Le Grand-Duché du Luxembourg et la vallée des sept châteaux
DU SAMEDI 1ER AU DIMANCHE 2 AOÛT 2026
La saga Un week-end près de chez nous nous a cette fois emmenés au Grand-Duché de Luxembourg, une magnifique destination entre forêts, paysages vallonnés, châteaux majestueux, architecture contemporaine et patrimoine historique.
- Samedi 1er août :
Cette première journée était consacrée à la découverte d’une partie de la Vallée des Sept Châteaux, avec les visites des châteaux de Vianden et de Wiltz.
Pour notre plus grand plaisir, une foire médiévale était organisée à Vianden le jour de notre visite. Ce fut l’occasion de découvrir autrement cette imposante forteresse, dont les origines remontent au IIIᵉ siècle, en alternant la découverte du labyrinthe des salles du château avec des démonstrations de combats à l’épée, de fakirisme, de musique traubadour et de vols de faucons.
Quant à Wiltz, si la visite du château lui-même a pu susciter pour certain une déception, elle n’en est pas moins restée un moment agréable dans un cadre particulièrement plaisant. En effet, le château a connu d’importantes transformations au cours du XXᵉ siècle : il a d’abord accueilli une communauté religieuse, avant d’être aménagé en maison de retraite puis en établissement scolaire. Autrement dit, les éléments historiques d’origine sont aujourd’hui peu visibles.
En revanche, le musée de l’art brassicole et ses anciennes machines méritaient pleinement le détour.

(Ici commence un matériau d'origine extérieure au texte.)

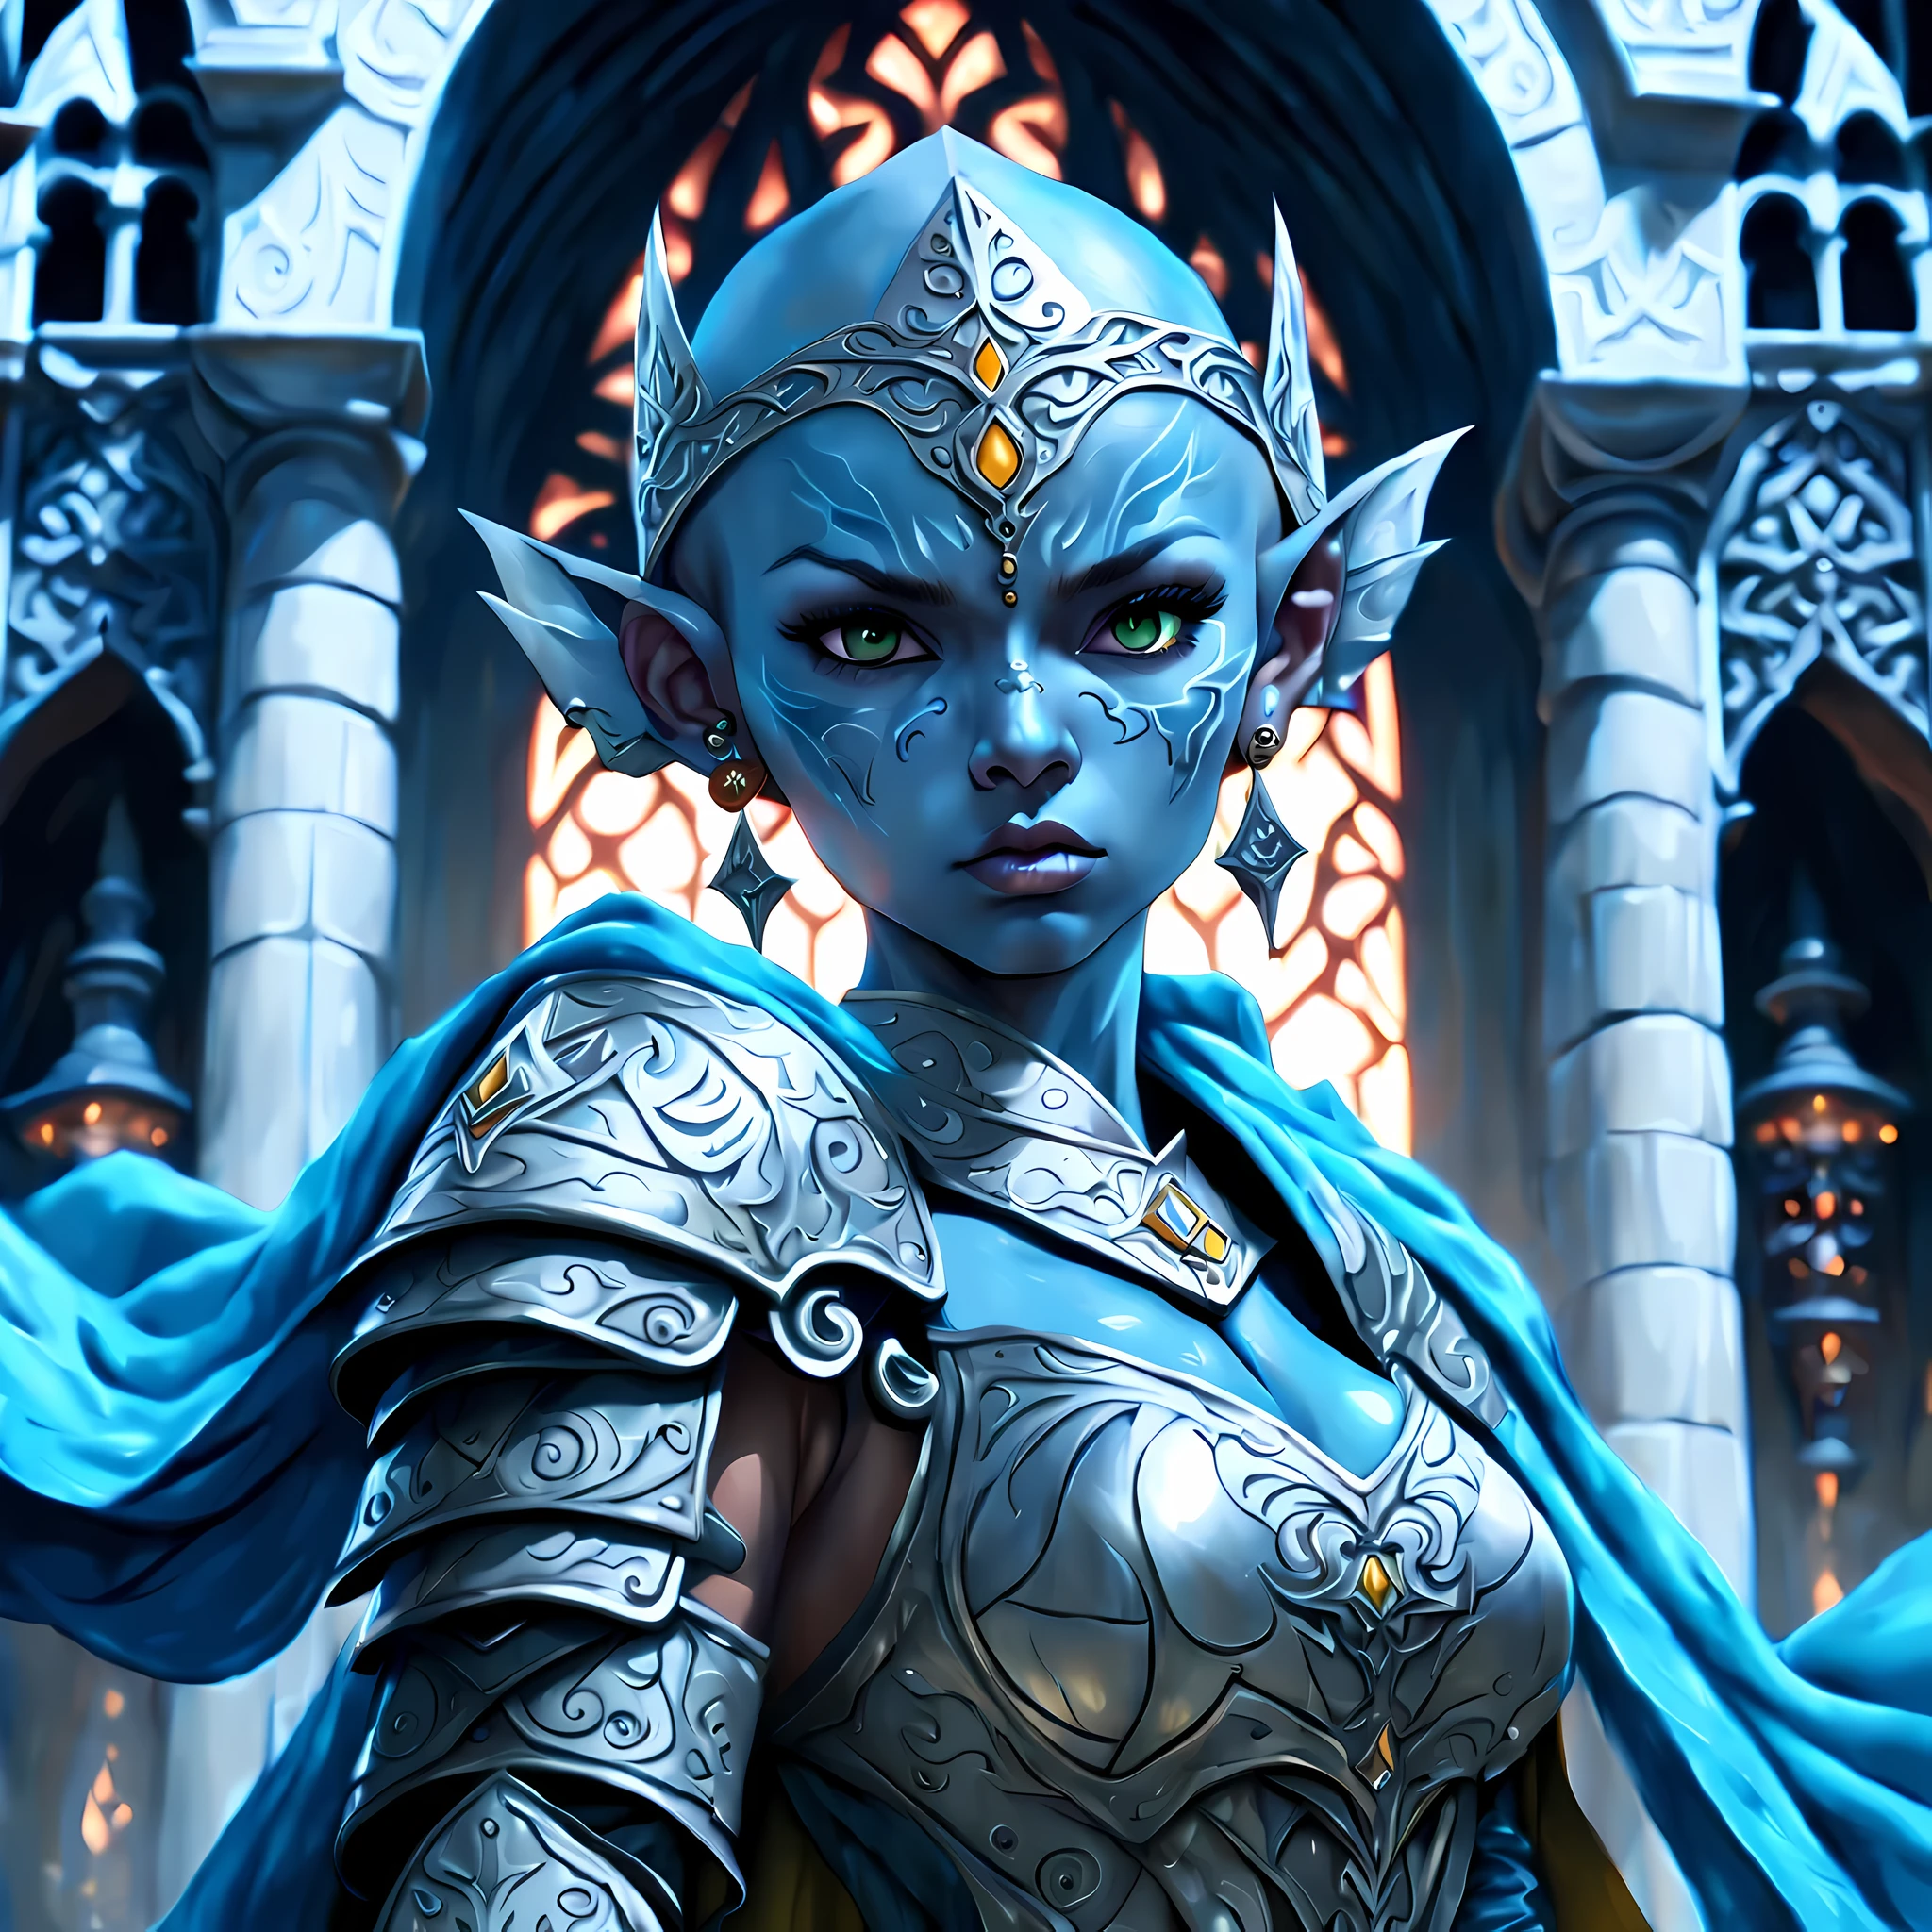 fantasy art, dnd art, RPG art, wide shot, (masterpiece: 1.4) a (portrait: 1.3) intense details, highly detailed, photorealistic, best quality, highres, portrait a female (fantasy art, Masterpiece, best quality: 1.3) ((blue skin: 1.5)), intense details facial details, exquisite beauty, (fantasy art, Masterpiece, best quality) cleric, (blue: 1.3) skinned female bald head, no ears, (green: 1.3) eye, fantasy art, Masterpiece, best quality) armed a fiery sword red fire, wearing heavy (white: 1.3) half plate mail armor, wearing high heeled laced boots, wearing an(orange :1.3) cloak, wearing glowing holy symbol GlowingRunes_yellow, within fantasy temple background, reflection light, high details, best quality, 16k, [ultra detailed], masterpiece, best quality, (extremely detailed), close up, ultra wide shot, photorealistic, RAW, fantasy art, dnd art, fantasy art, realistic art,((best quality)), ((masterpiece)), (detailed), perfect face, ((no ears: 1.6))

La dégustation de la bière locale Simon, dans la cour du château, a incontestablement été un moment convivial comme on les aime à l’ARC-Namur.
- Dimanche 2 août :
Cette seconde journée s’est déroulée entièrement à Luxembourg-Ville, une capitale qui a su préserver son héritage médiéval tout en s’ouvrant résolument à la modernité. Il n’est donc pas rare d’y voir cohabiter des vestiges anciens harmonieusement intégrés à une architecture contemporaine.
Le Mudam (Musée d’Art Moderne Grand-Duc Jean) illustre parfaitement cette volonté de faire dialoguer passé et futur. Nous avons eu le plaisir de visiter cette institution muséale internationale, de nous laisser séduire par l’architecture signée Ieoh Ming Pei (architecte de la pyramide du musée du Louvre) et de découvrir deux artistes fascinants : Simon Fujiwara et Igshaan Adams. Heureusement, nos guides ont su nous donner les clés de lecture de leurs univers parfois déroutants qui, une fois éclairés, révèlent des messages et des émotions inattendus.

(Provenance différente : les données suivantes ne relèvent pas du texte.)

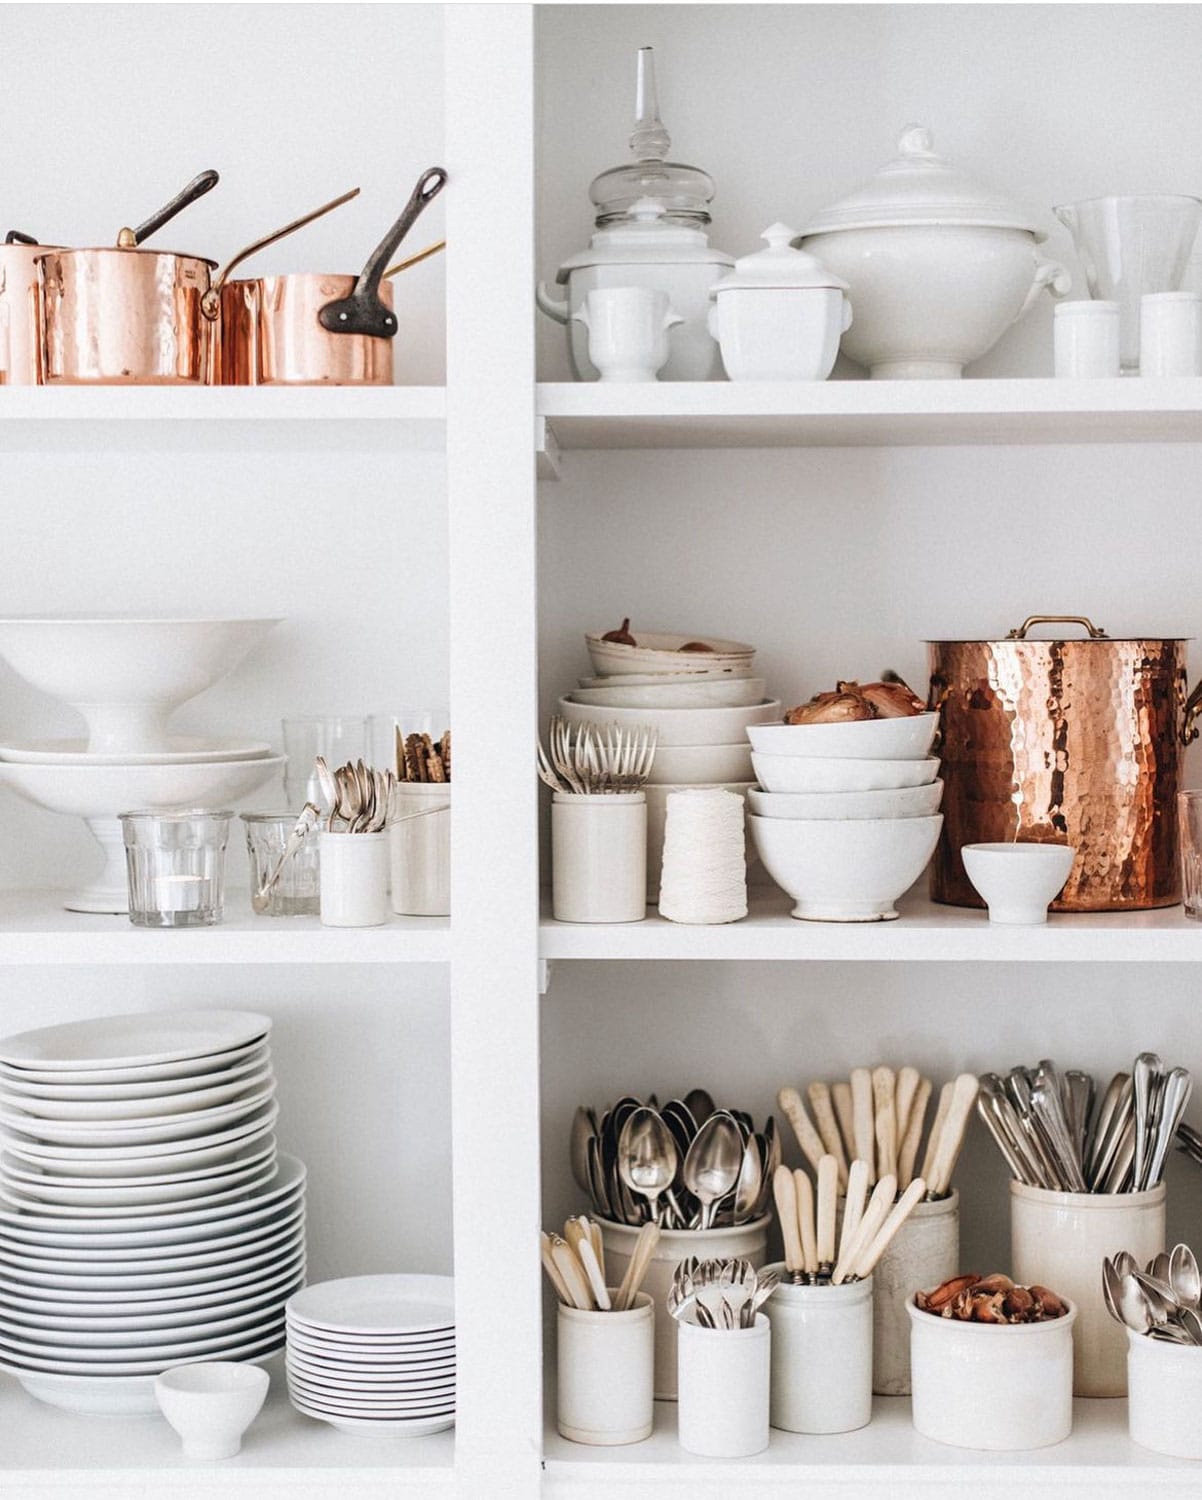 Copper pots, stacked of Apilco dishes, cups of silverware

Nous avons poursuivi l’après-midi par une promenade à travers le centre-ville, à la découverte des principaux sites du centre historique, avant de rejoindre la Villa Vauban où était présentée une exposition consacrée au peintre paysagiste William Turner. Cette exposition est venue, en quelque sorte, clore notre week-end puisque Turner, tout comme nous, est lui aussi tombé sous le charme des paysages luxembourgeois, qu’il a immortalisés dans une série de sept gouaches célébrant toute la beauté du Grand-Duché.
Enfin, nous avons partagé un dernier moment de convivialité à la Guinguette du musée avant de reprendre la route, les valises remplies de souvenirs et de belles images de ce séjour.
Qu’avons-nous retenu ?
Tourné vers l’avenir, le Grand-Duché de Luxembourg sait préserver son identité. Il accorde une grande importance à la conservation de son patrimoine, de son passé et de son histoire. Telle est sa philosophie et sa ligne directrice.
Une telle stratégie implique de faire preuve de patience. En effet, il est fréquent que des projets urbanistiques n’aboutissent que dix, vingt, voire trente ans après leur conception, et que leurs initiateurs ne soient plus en fonction lors de leur inauguration. Qu’importe : au Luxembourg, c’est avant tout l’évolution du pays qui prime.
Le développement du Grand-Duché s’inscrit ainsi dans une réflexion de long terme. Prendre le temps d’agir avec discernement permet de préserver un héritage qui s’intègre harmonieusement au présent. En procédant de cette manière, les autorités luxembourgeoises veillent à conserver les spécificités de leur territoire.
Ainsi, les touristes d’hier, d’aujourd’hui et de demain découvrent un pays à l’identité singulière, distincte de la leur. Il est fort probable qu’un visiteur belge se sente tout aussi dépaysé qu’un touriste allemand, français ou néerlandais. Cependant, cette volonté de préserver son identité ne signifie pour autant une fermeture sur les autres nations. Que du contraire, l’ouverture reste l’un des fers de lance du pays qui fut, rappelons-le, la maison mère de l’Union Européenne.